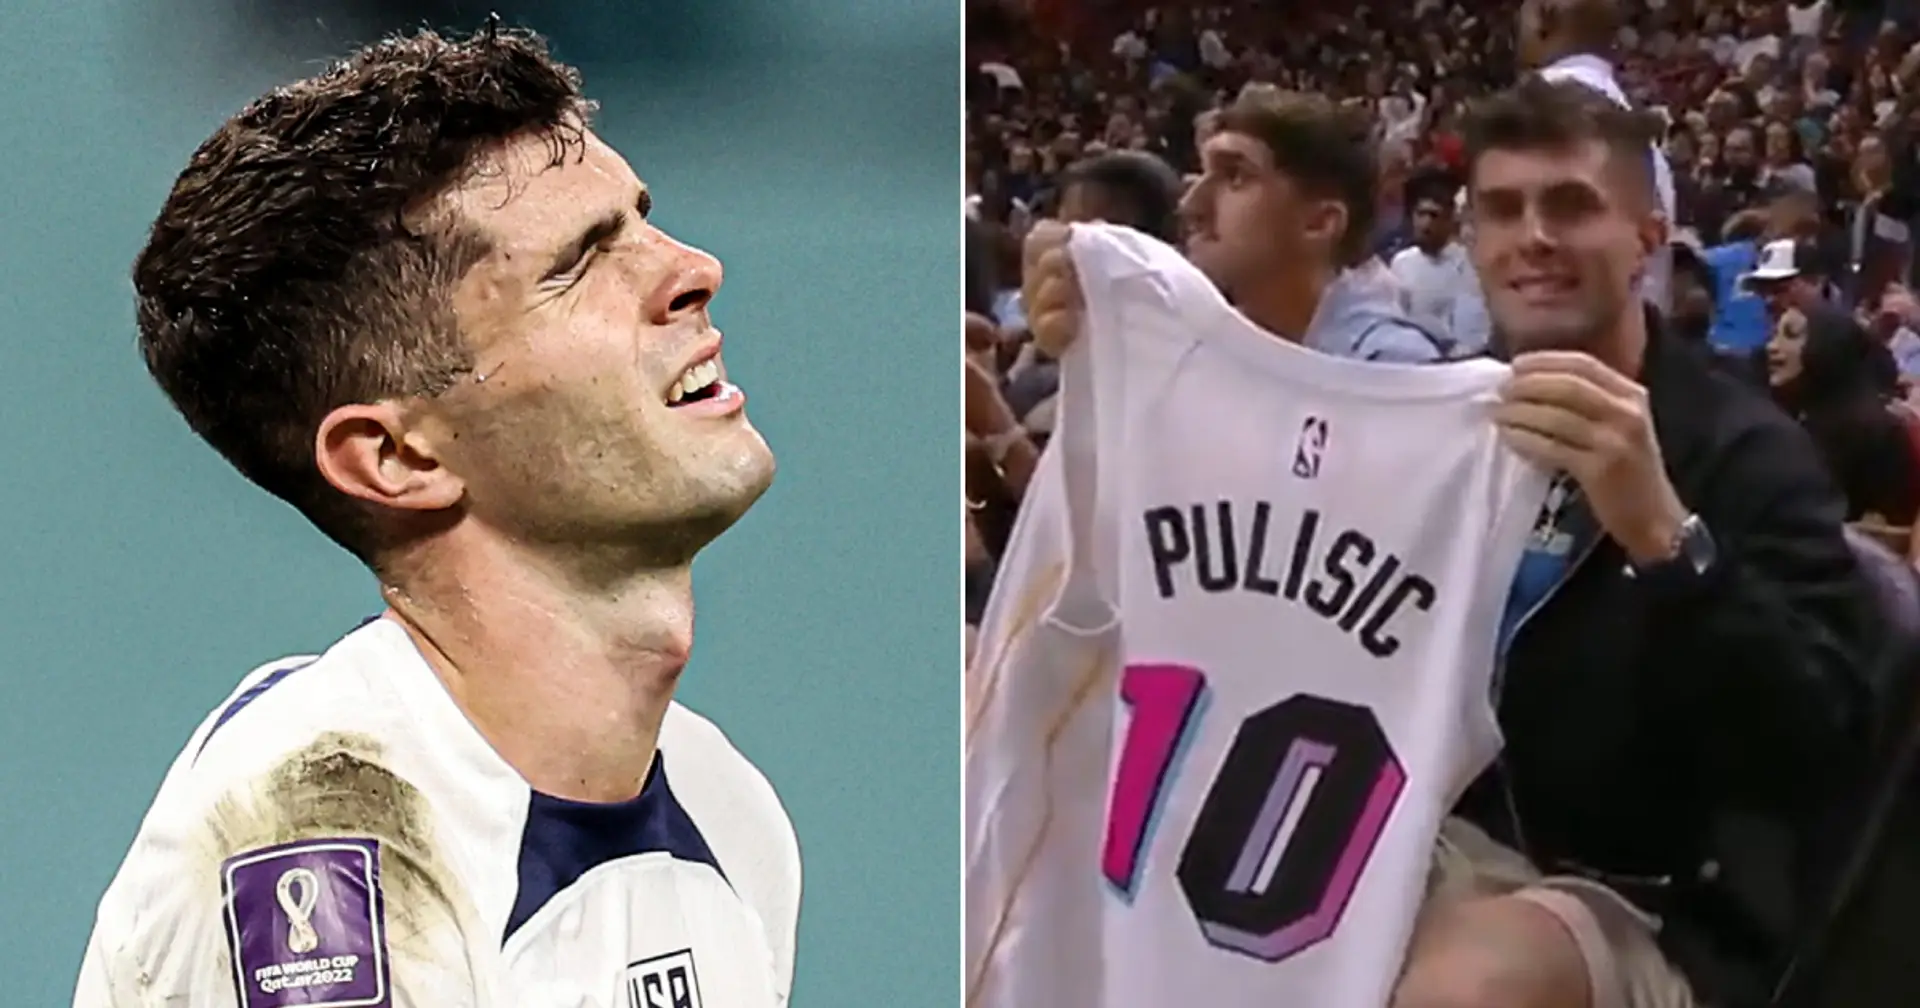 Christian Pulisic spotted at NBA game as he rests after World Cup exit
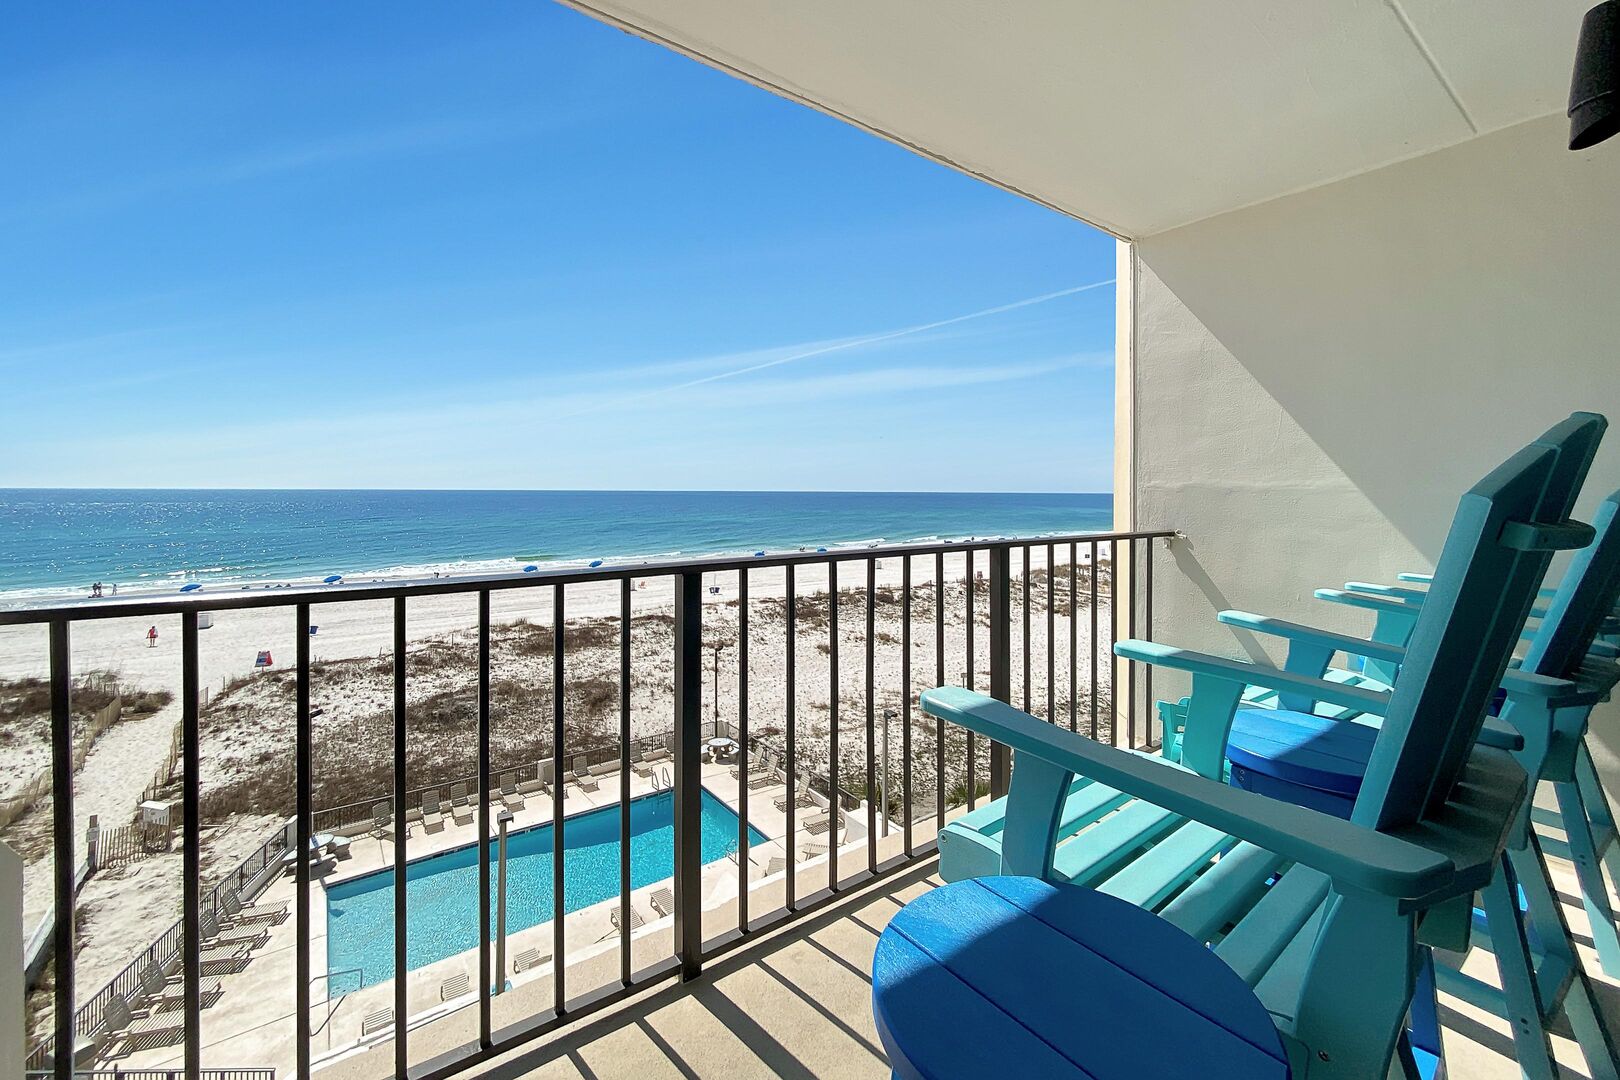 Private Balcony overlooking the Pool and the Gulf of Mexico
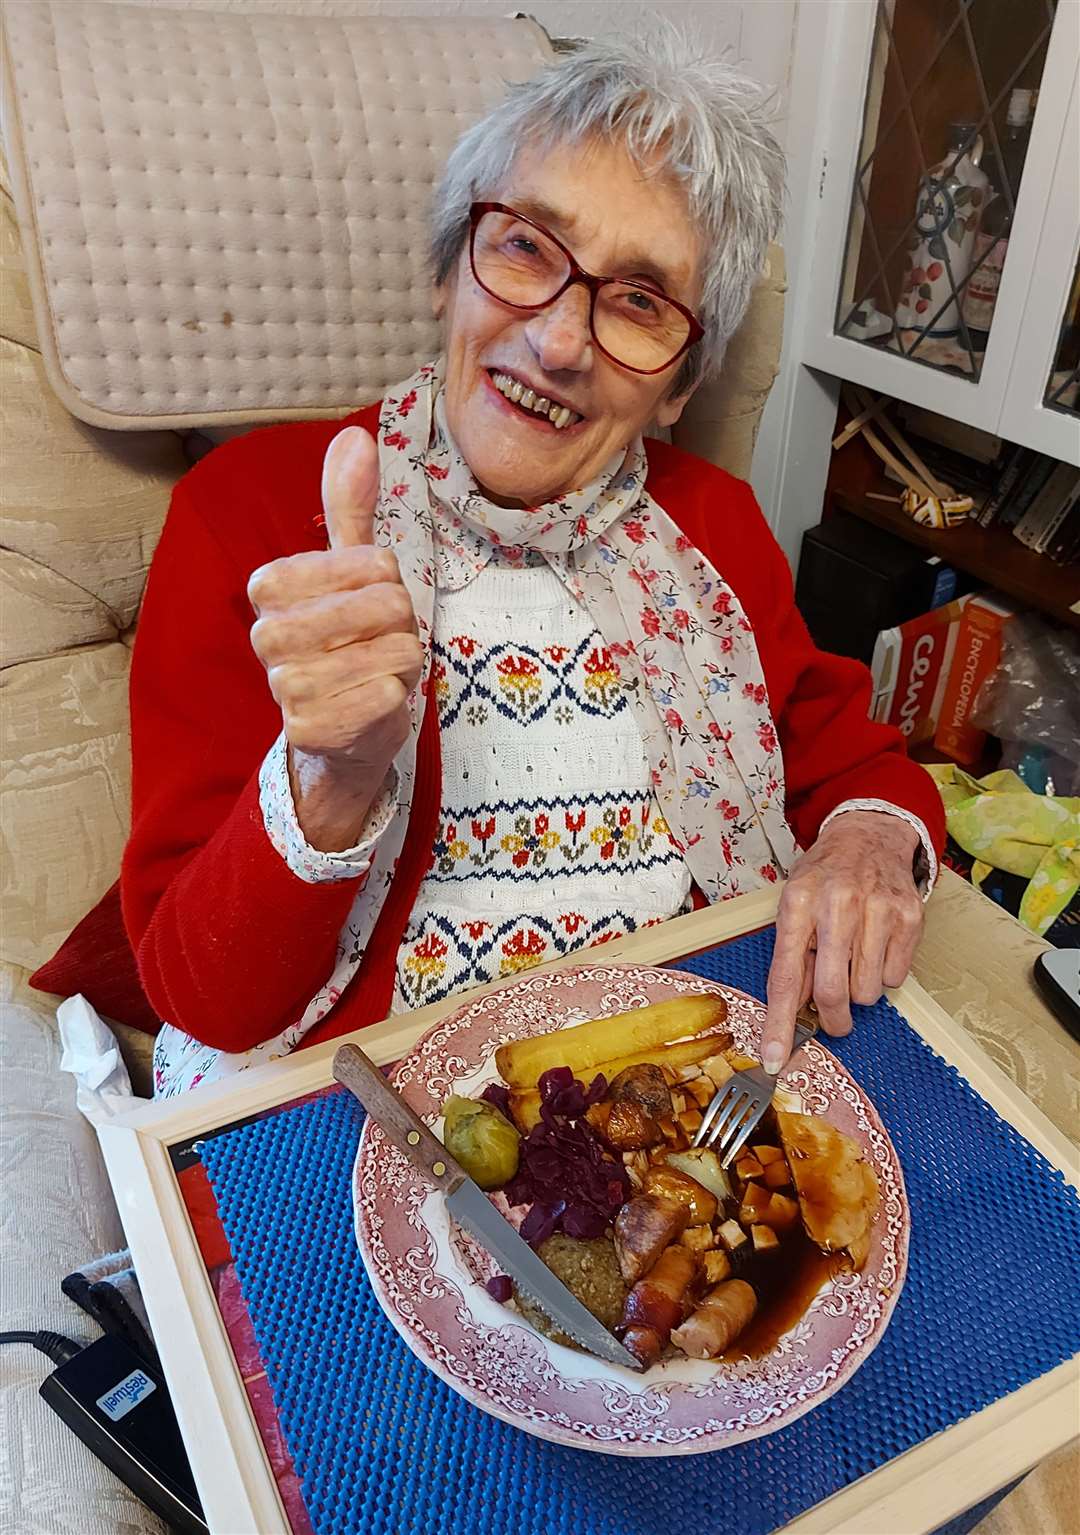 June Taylor, Tongue, gives a thumbs up to her Christmas dinner.

_PROBLEM DETAILS_. Repeat the listing word for word. Leave images out.

_TASK SOLUTION_.
 Christian Pulisic spotted at NBA game as he rests after World Cup exit
 Private Balcony overlooking the Pool and the Gulf of Mexico
 June Taylor, Tongue, gives a thumbs up to her Christmas dinner.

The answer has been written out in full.